Garden Views: Fun and not so fun insects


Fireflies also known as lightning bugs have appeared! These insects are in the beetle family Lampyridae and are considered a summertime favorite, though this year they are appearing in late spring. Even the most squeamish among us must admit awe and fascination over these beetles with glowing butts.

Fireflies’ lifecycle involves an egg, larva, pupa, and adult. Eggs are laid in moist humus, leaf litter or moist soil. Upon hatching, many Ohio species will spend two or more years as predatory larva in the soil eating snails, slugs, worms, and other smaller soil arthropods like springtails. They then pupate and appear as adults to feed, mate, and lay eggs.

To increase fireflies in your landscape for years to come use leaf mulch or wood mulch around plants to mimic the humus layer where eggs may be deposited, and to conserve moisture. Preserve waterways and aquatic habitats that lightning bugs will favor. Reducing outdoor lighting also helps them to show off their lights and find each other to mate and produce the next successful generation of our favorite summertime light show.

Another insect that has appeared is the Spongy Moth. The spongy moth, Lymantria dispar (formerly the European gypsy moth) is a non-native, invasive species that has moved west into Ohio from Pennsylvania and south from Michigan. This insect is not fun and can cause havoc to your landscape.

Each egg mass an adult female moth lays can contain between 500-1,000 individual eggs; once hatched the larvae or young caterpillars are able to feed on the leaves of over 300 different tree and shrub species. Egg hatch occurs about the same time as redbud trees are blooming.

As the caterpillar becomes larger, the more they can consume and are known as leaf feeding machines. Oaks trees tend to be their favorite however they seem to enjoy spruces as well. The feeding injury is especially hard on evergreens, and I have observed spruces dying in a single season where nearly all the needle foliage was consumed.
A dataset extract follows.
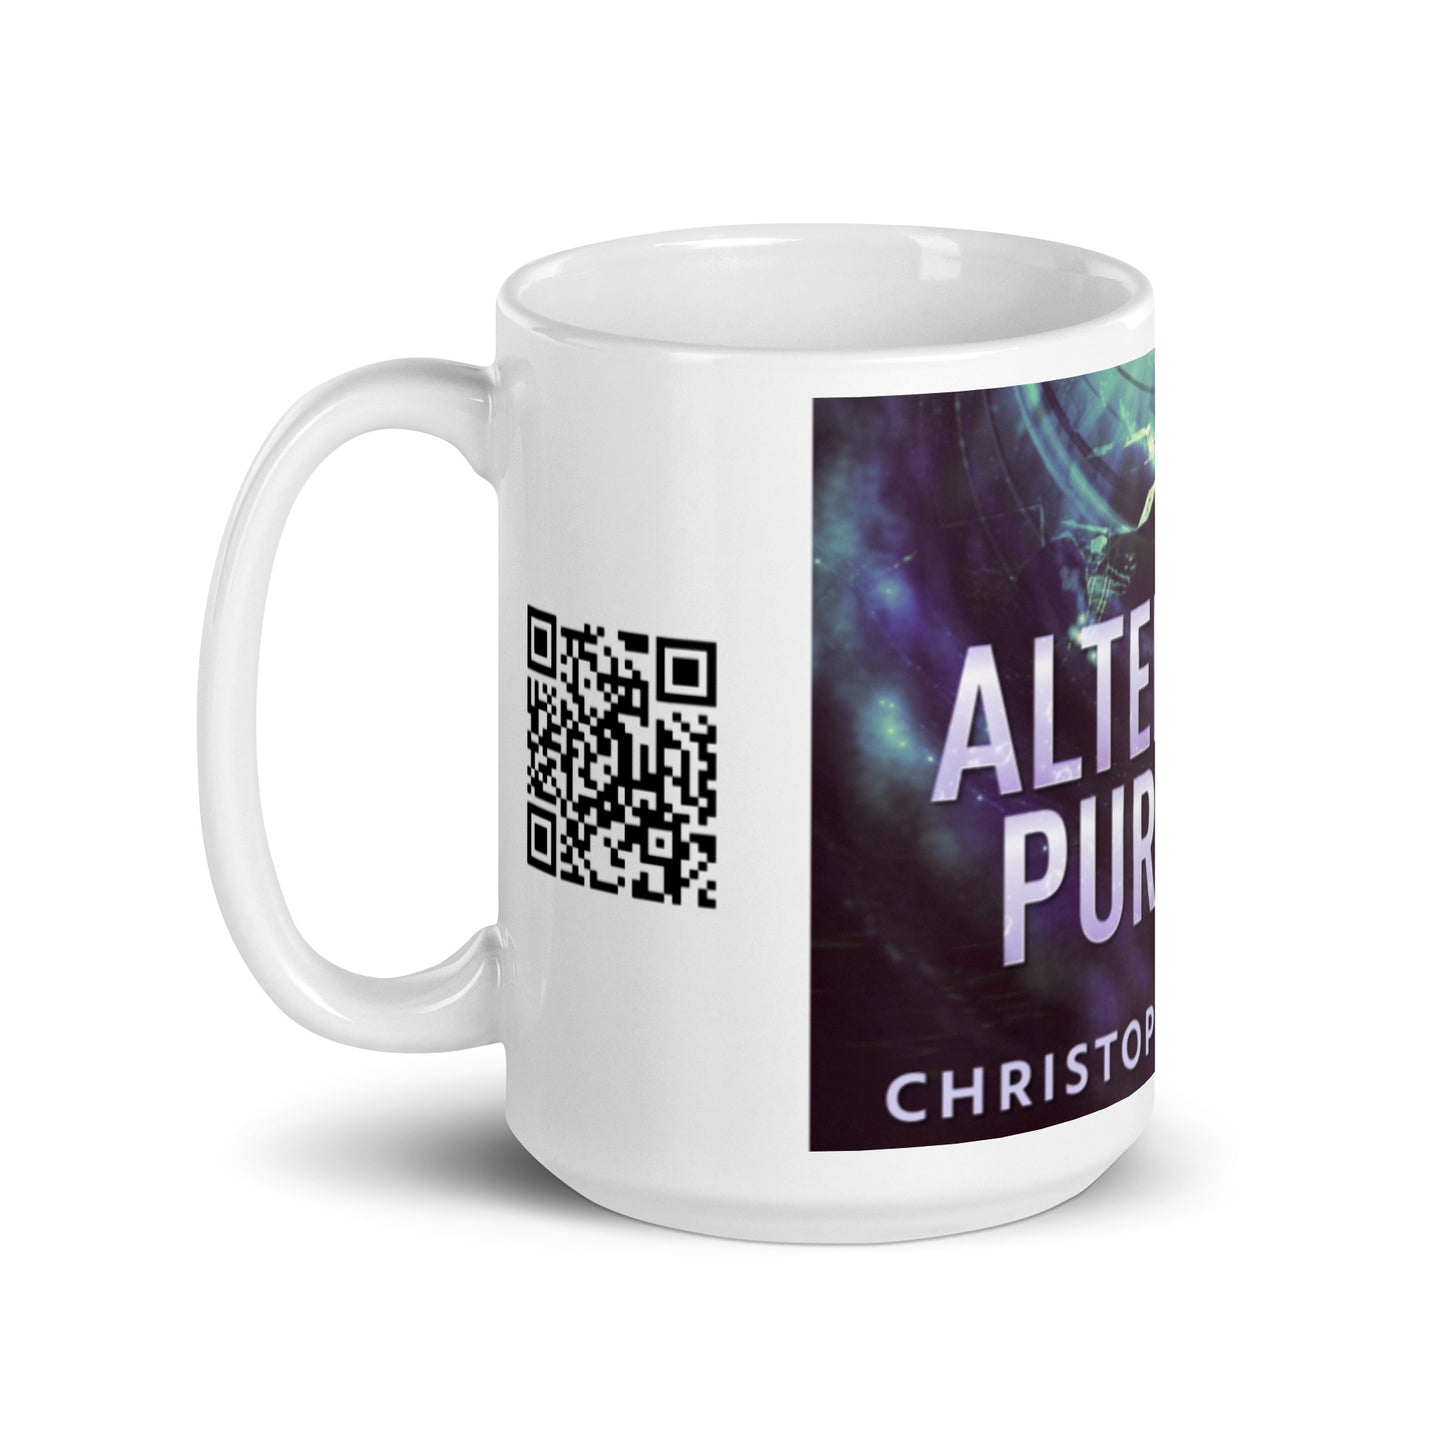 Alternate Purpose - White Coffee Mug

Normally healthy deciduous trees can usually withstand two years of defoliation before they decline.

The worst part in my humble opinion is what goes into the caterpillar’s mouth comes out the other end as insect excrement or what Horticulturists call frass. Imagine thousands of caterpillars frassing at the same time, and you are outdoors under the canopy of the tree being fed upon.

After the caterpillars compete their feeding frenzy, they will pupate and emerge as an adult moth. Female moths are white and are not capable of flying. The males are brown and fly in a zig zag pattern. The adult moths do not feed, therefore causing no additional damage to the plants. They do however want to find a mate so the female can lay an egg mass that will overwinter and hatch the following spring – and so the cycle continues.
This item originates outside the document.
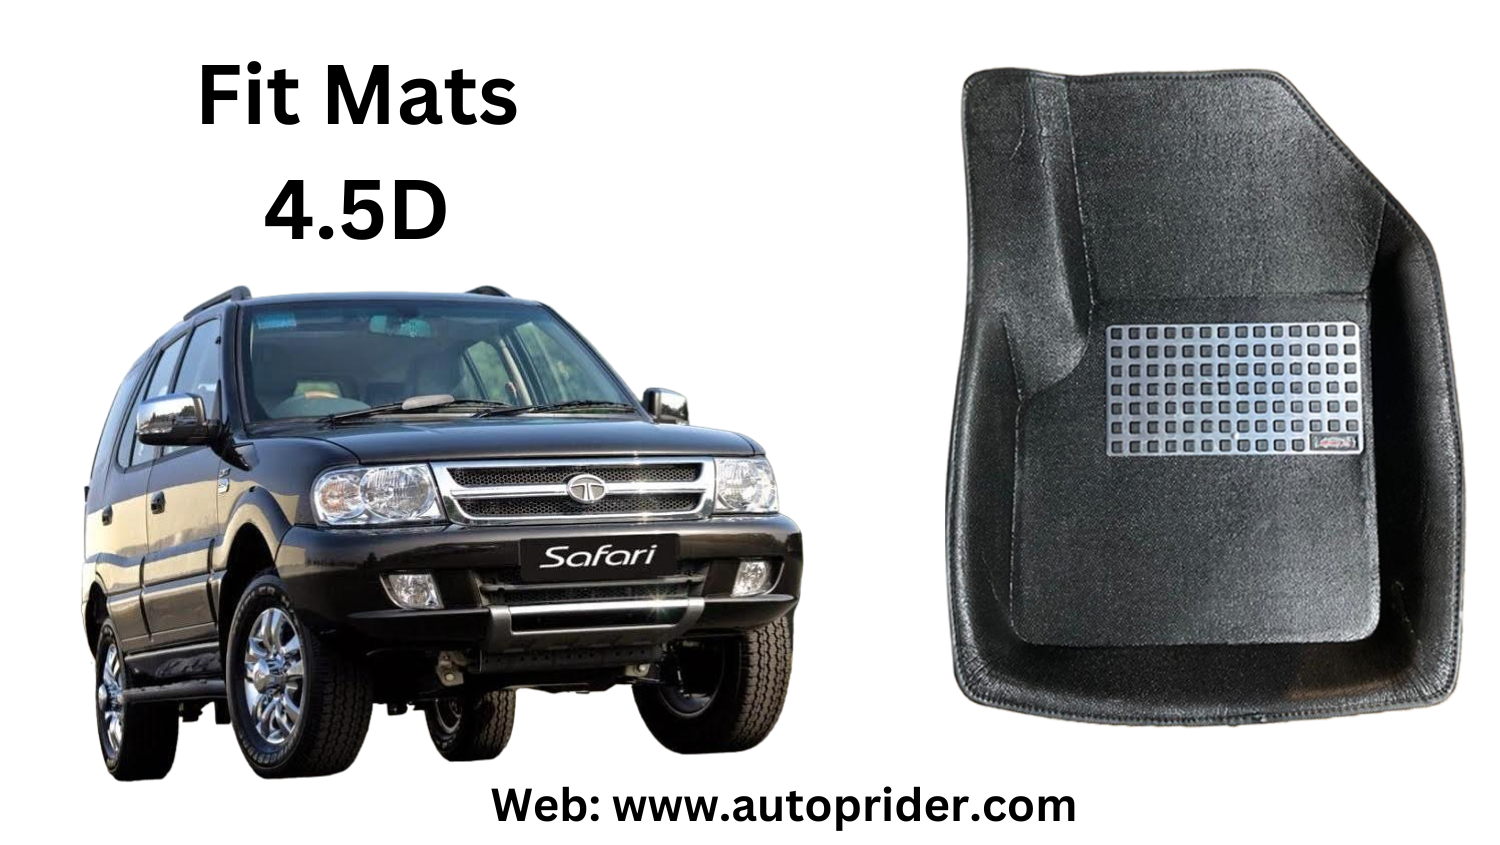 Autoprider | Fit Mats 4.5D Economy Car Mats for Tata Safari

Control of the caterpillars is by applying insecticides labeled for spongy moth. Choose products with the active ingredients: bifenthrin, cyfluthrin, cypermethrin, deltamethrin, permethrin, and others. These ingredients typically protect treated foliage for a week or two and multiple applications may be needed to maximize protection against spongy moth caterpillars. Thorough spray coverage is also needed as untreated foliage will not be protected. While homeowners may be able to spray smaller trees, larger trees will generally need to be treated by an arborist or a tree care company to achieve good spray coverage.
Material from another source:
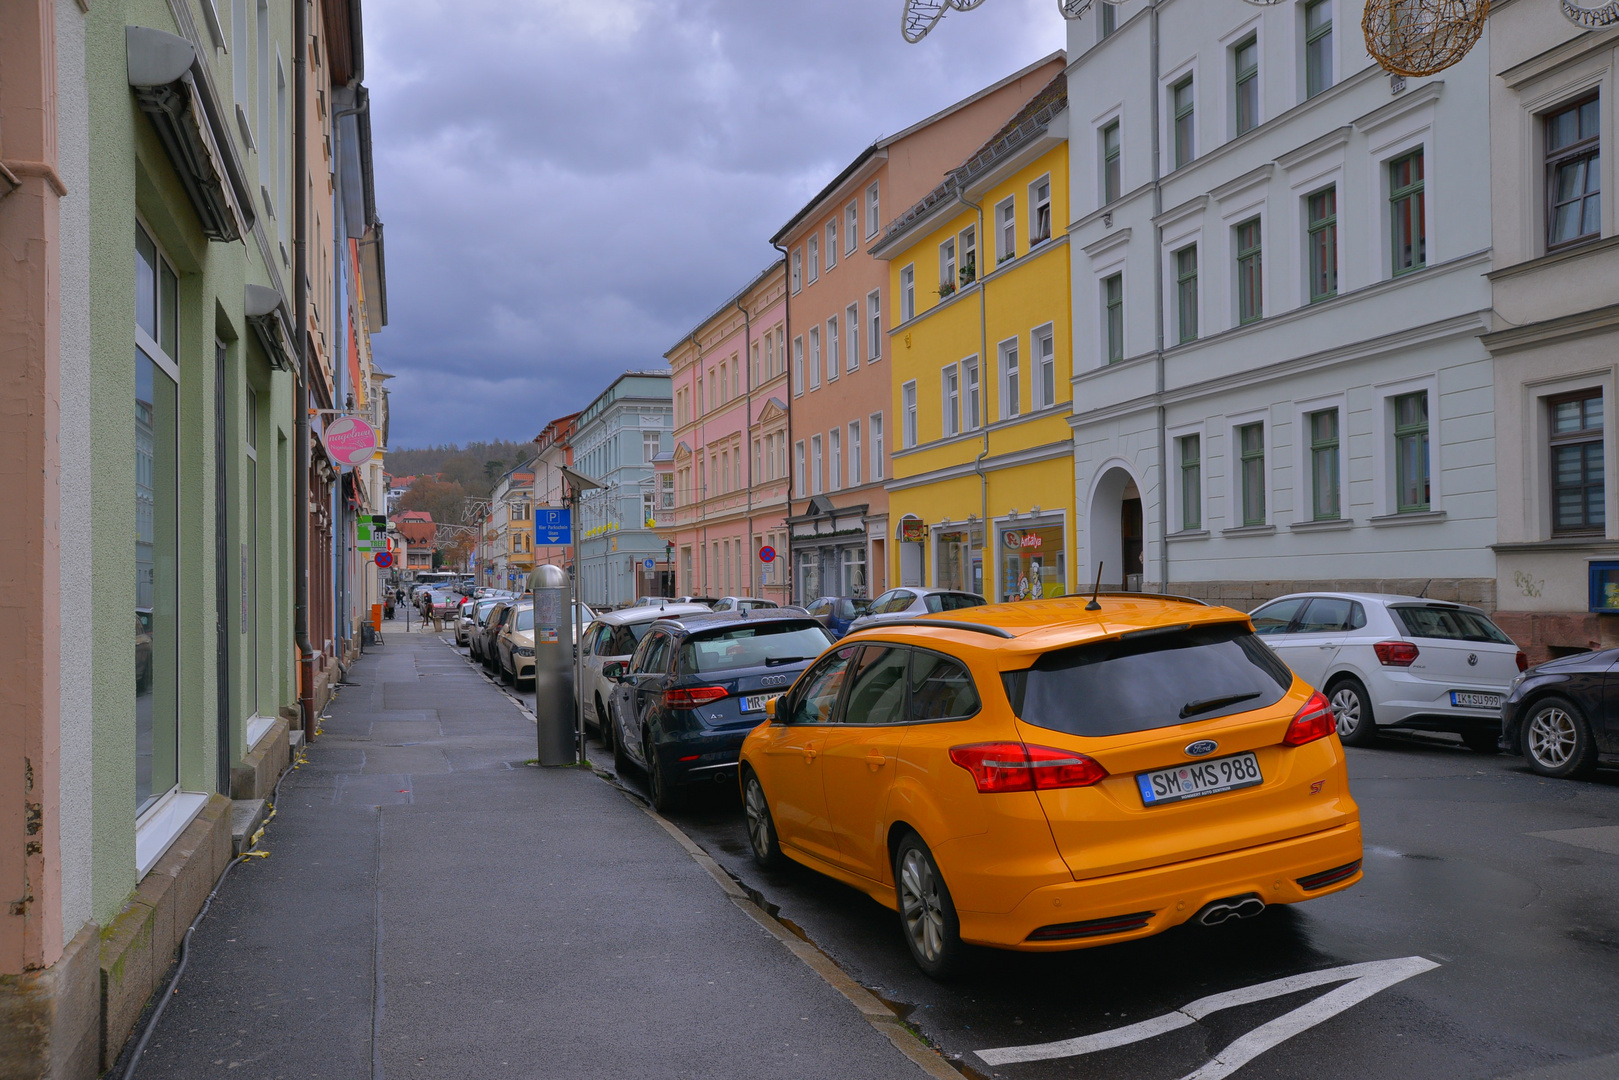 zu Silvester in Meiningen: das schöne gelbe Auto

It is important to note that healthy deciduous trees and shrubs leading up to a spongy moth outbreak can handle a defoliation as a result of the caterpillar feeding by sending out an additional set of leaves later in the season as the feeding subsides when the caterpillars pupate and ultimately become adult moths. It is only after repeat defoliation that these plants typically show signs of decline or even death in some situations.